Я целую твердые губы, кусаю плечо там, где начинается шея, с мстительным удовольствием осознавая, что укус будет виден из-под строгой рубашки, и это заводит еще больше.

Он двигается так сильно, так грубо… Так правильно!

Так, как мне надо.

Как никто другой.

У меня не было возможности сравнивать. Он — мой первый и единственный мужчина. Но я уверена, абсолютно уверена, что ни с кем другим я никогда бы ничего подобного не испытала. Никогда. Это просто невозможно. Только с ним.

Я запускаю руки под ворот рубашки на спине, царапаю спину, стремясь оставить как можно больше следов на нем. Чтоб хотя бы какое-то время он видел эти знаки и вспоминал обо мне.

Потому что это для меня он — первый и единственный. А я для него…

Но не сейчас.
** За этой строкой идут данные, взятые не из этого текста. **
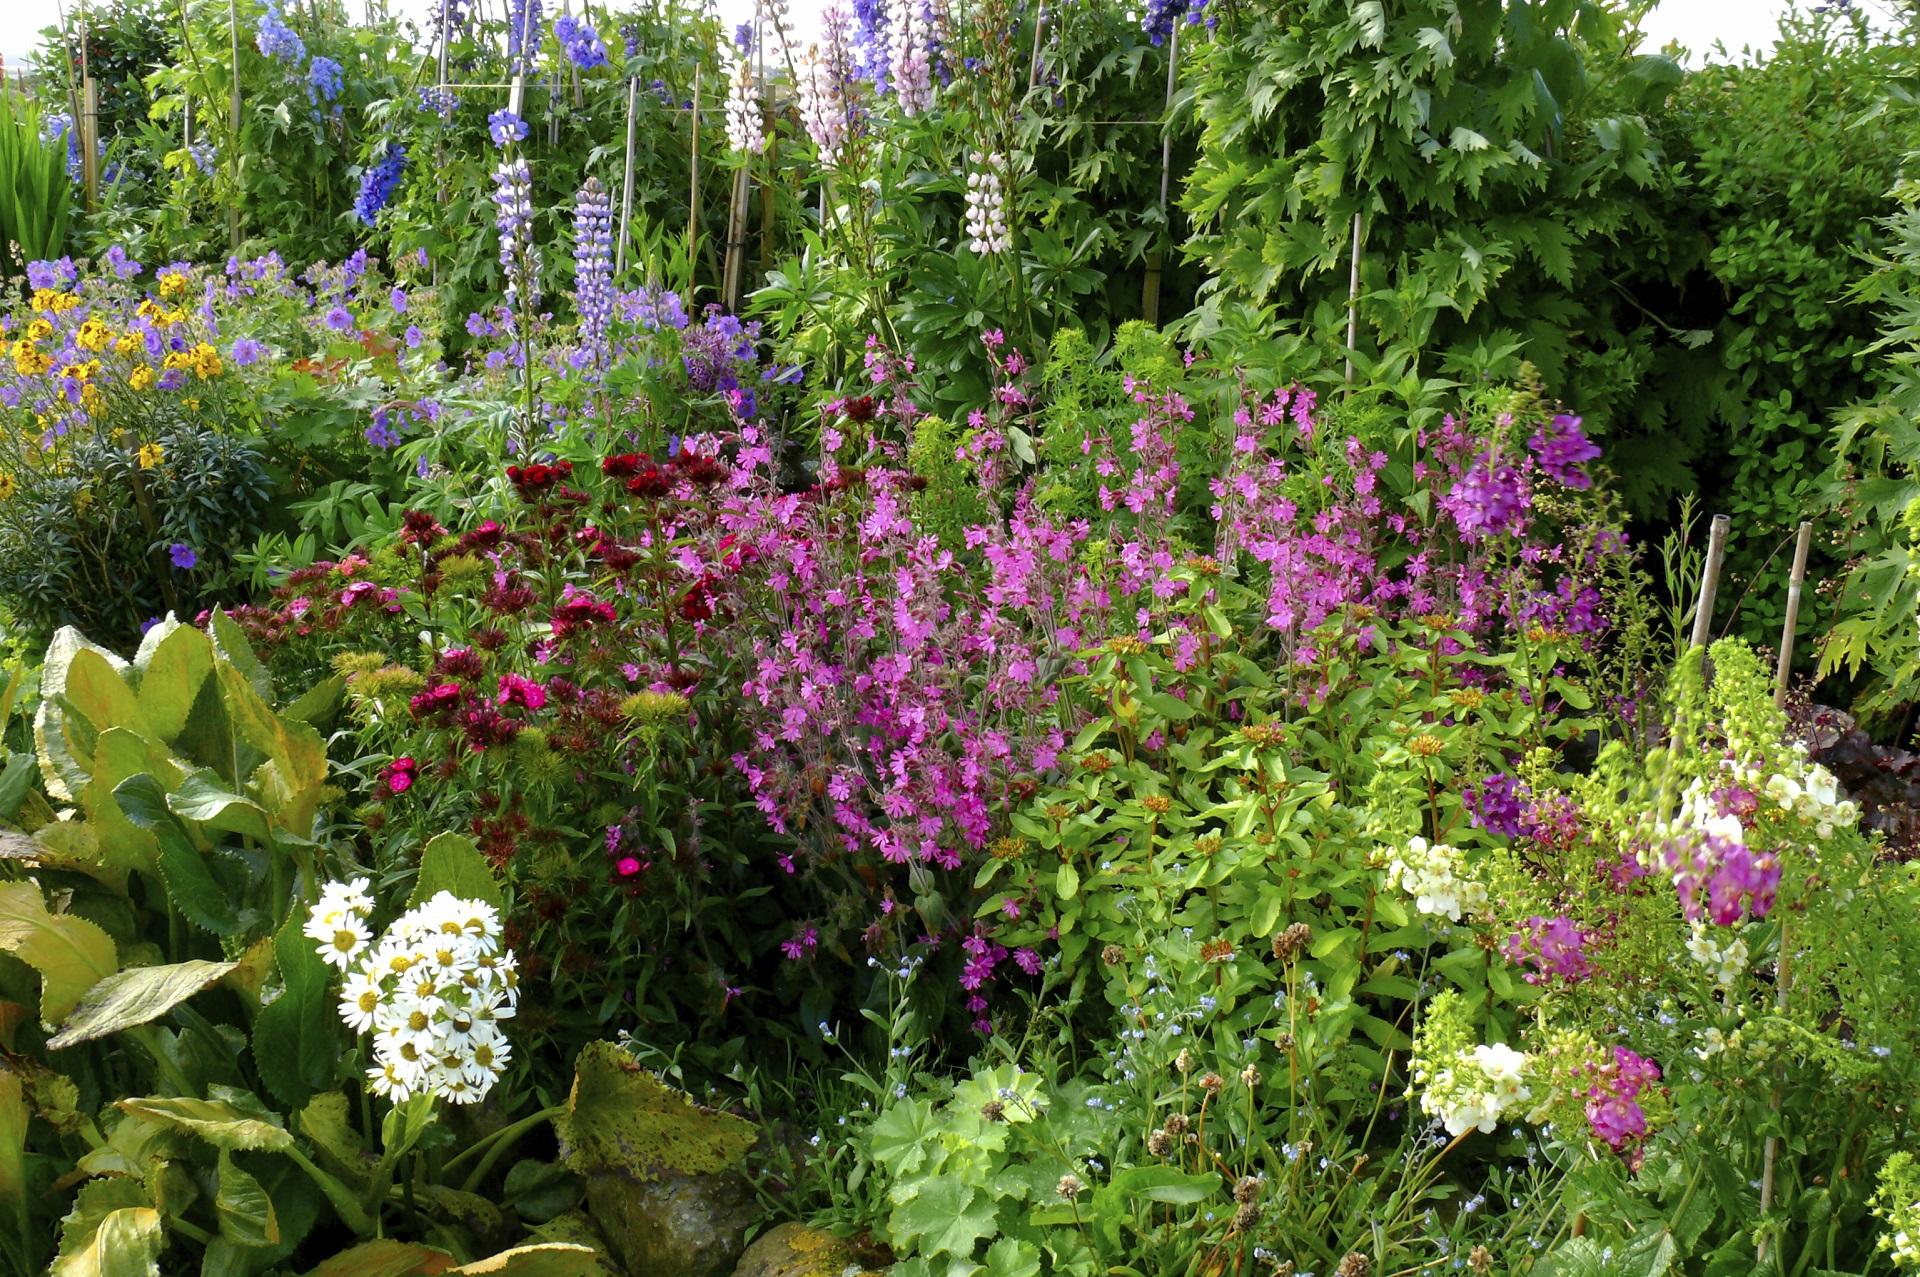 Creating A Quaint Cottage Garden

Конечно, не сейчас.

— Олька, Олька моя… — шепчет он тихо и как-то болезненно, двигается все грубее, уже не думая обо мне, уже просто вбиваясь со всей силы так, что завтра тело, непривычное к таким нагрузкам, точно будет болеть, но опять же, это будет… — Олька, моя, моя, моя…

Я смотрю, как он кончает. Я, как всегда, не могу оторвать от него взгляда в этот момент, и, как всегда, одно это зрелище заставляет последовать за ним в удовольствии. Ослепительном, остром, жестоком.

Боль и сладость.

Как я люблю.

И как он любит.

Он еще какое-то время лежит на мне, шумно выдыхая, мягко целуя в висок, спускаясь к уху, облизывая мочку, дразня. Мне томно и сладко. Мне спокойно. Как всегда с ним.
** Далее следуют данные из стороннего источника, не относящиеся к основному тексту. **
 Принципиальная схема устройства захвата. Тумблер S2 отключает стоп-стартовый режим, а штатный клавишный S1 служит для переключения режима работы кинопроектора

Пока он не начинает говорить.

Не хочу, чтоб он говорил. Поэтому начинаю сама.

— Надолго в этот раз?

Он молчит, дышит, потом прикусывает напоследок шею, тоже оставляя след на видном месте, поднимается. Поправляет на ходу одежду, идет к столу, наливает воду себе и мне.





Он давно не пьет. Сигары — единственная слабость.

Ну, и еще я. По крайней мере, он так говорит.

— Посмотрим, как пойдет. Мне, вообще-то в Москву надо.

— А здесь тогда зачем?

Он режет меня взглядом, опять ставшим привычно жестким. И не отвечает. Пьет, ищет на столе гильотинку для сигар, потом спички… Короче говоря, совершает все привычно неторопливые действия, так успешно забивающие неловкие паузы.

И это меня опять заводит. Только не так, как ему понравится.

— И вообще, к чему был этот цирк с конями? Вернее, с одним конем? Неужели нельзя позвонить?

— А ты бы приехала?

Он садится в свое генеральное кресло, смотрит на меня пристально, окутывая себя сигарным дымом.

Я сажусь, еле сводя ноги, ищу белье, хмурюсь на разодранные форменные штаны, короче говоря, совершаю все привычные действия, так успешно забивающие неловкие паузы.

И это его заводит. И тоже совсем не так, как мне понравится.

— Ольк. Олька…

— Что? Штаны порвал, как мне домой ехать теперь?

— Никак. Ко мне поедем.

— Размечтался. От тебя потом не уедешь, из этого твоего бункера гребанного… Не выпустишь же. А у меня смена завтра.

— Почему завтра? Ты же сегодня была?

— Ну и что? Попросили подменить…

Он молчит, хмурится сквозь сигарный дым, и я торопливо добавляю, чуя неладное и зная его дебильную способность влезать туда, куда не просят:

— Только попробуй!

Он молчит. Курит.

— Олег! Мне прямо сейчас уйти? Ты же меня знаешь, я Васю твоего прямо с окна выкину, если помешает!

— Иди ко мне, Шипучка, я скучал по-скотски просто.

Он говорит это так просто, так спокойно…

И я иду.

Забыв про злость, про то, что мы с ним опять чуть не повздорили.

Иду. Сажусь на колени, прямо в белье, с растрепанными волосами, несвежим после смены лицом, усталая и одинокая женщина.

И чувствую себя опять, как двадцать лет назад, молодой, веселой, участливой.

Совсем девчонкой, однажды пожалевшей страшного, опасного мужчину. Пожалевшей и полюбившей.

Дура такая была…

— Ольк… Может, поженимся все же?

4. Примерно двадцать лет назад

Случайный прохожий

Я по улицам темным лечу, я бегу, знаю, нет мне прощенья.

Знаю я, что за все заплачу, заплачу за свое преступленье.

Только знания тут не спасут, понимание здесь не поможет.

Там, куда меня черти несут, ждет в машине Случайный Прохожий.

Он случайный, случайный во всем, но сейчас он любимый и близкий.

Там, куда меня ветер несет, ждет давно он с бутылкою виски.

Он подхватит меня на лету, ночь растает во мраке кромешном,

Никуда я теперь не уйду, да и он не отпустит, конечно.

Будет ночь фонарями пугать — мой Случайный Прохожий укроет.